This section provides a general discussion of the generalized Roy model and selected issues in the econometrics of policy evaluation. The grmpy package implements a parametric normal version of the model, please see the next section for details.

### Generalized Roy Model¶

The generalized Roy model (; ) provides a coherent framework to explore the econometrics of policy evaluation. Its parametric version is characterized by the following set of equations.
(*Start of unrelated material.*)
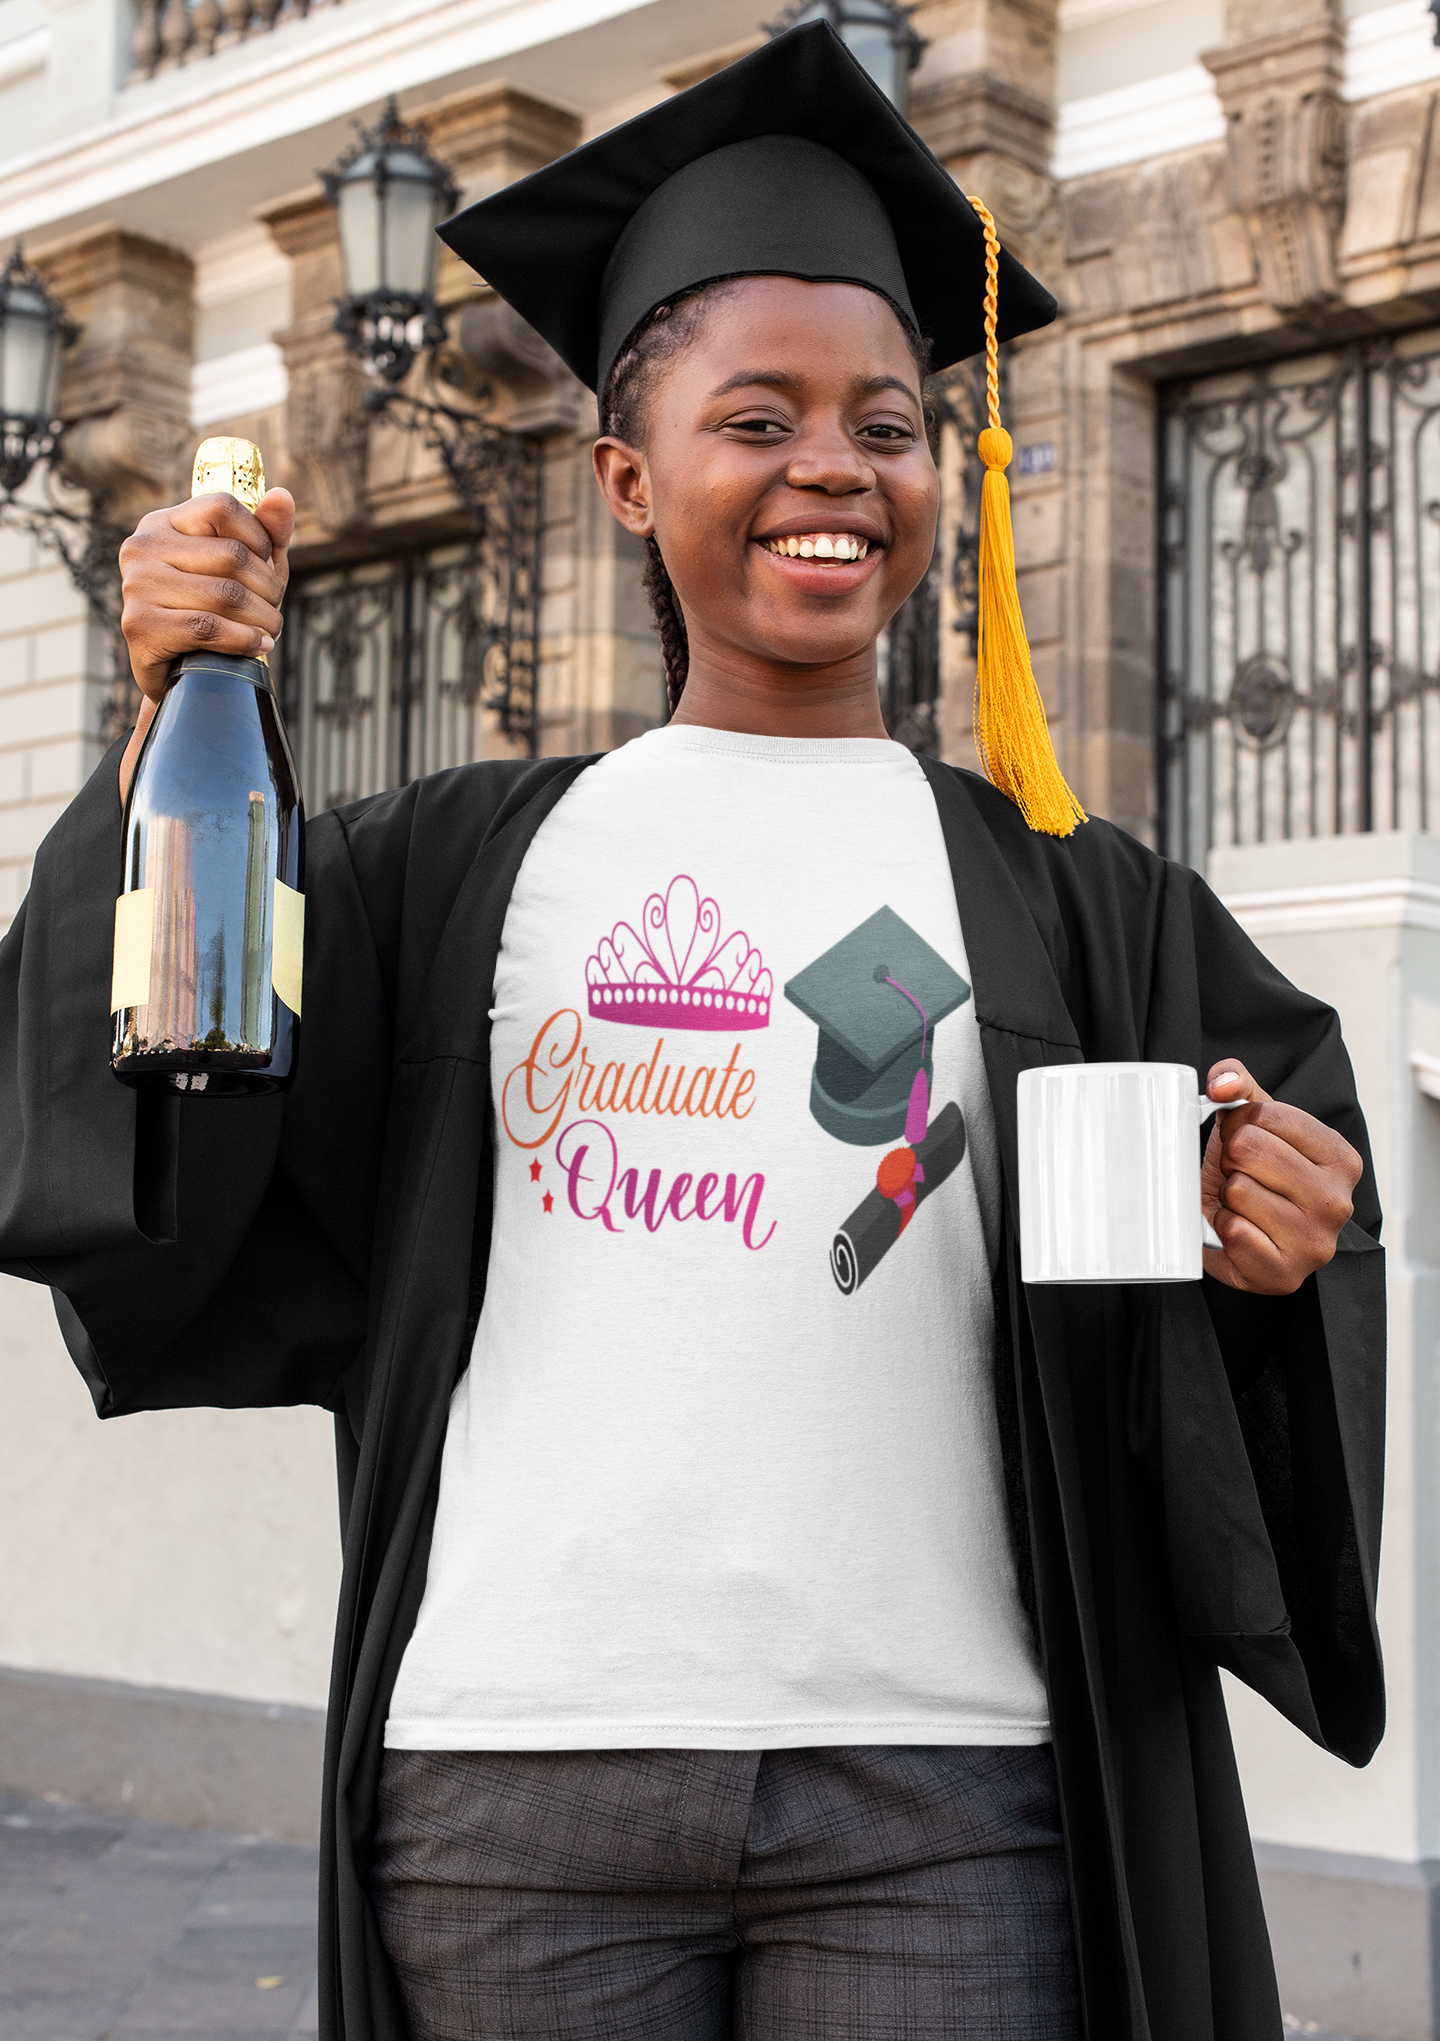 Graduate Queen - T-Shirt

$\begin{split}\text{Potential Outcomes} & \\ Y_1 & = \mu_1(X) + U_1 \\ Y_0 & = \mu_0(X) + U_0 \\ & \\ \text{Choice} & \\ D & = I[S > 0 ] \\ S & = E[Y_1 - Y_0 - C \mid \mathcal{I}] \\ C & = \mu_C(Z) + U_C \\ & \\ \text{Observed Outcome} & \\ Y & = D Y_1 + (1 - D) Y_0\end{split}$

$$(Y_1, Y_0)$$ are objective outcomes associated with each potential treatment state $$D$$ and realized after the treatment decision. $$Y_1$$ refers to the outcome in the treated state and $$Y_0$$ in the untreated state. $$C$$ denotes the subjective cost of treatment participation. Any subjective benefits, e.g. job amenities, are included (as a negative contribution) in the subjective cost of treatment. Agents take up treatment $$D$$ if they expect the objective benefit to outweigh the subjective cost. In that case, their subjective evaluation, i.e. the expected surplus from participation $$S$$, is positive. I denotes the agent’s information set at the time of the participation decision. The observed outcome $$Y$$ is determined in a switching-regime fashion (, ). If agents take up treatment, then the observed outcome $$Y$$ corresponds to the outcome in the presence of treatment $$Y_1$$. Otherwise, $$Y_0$$ is observed. The unobserved potential outcome is referred to as the counterfactual outcome. If costs are identically zero for all agents, there are no observed regressors, and $$(U_1, U_0) \sim N (0, \Sigma)$$, then the generalized Roy model corresponds to the original Roy model ().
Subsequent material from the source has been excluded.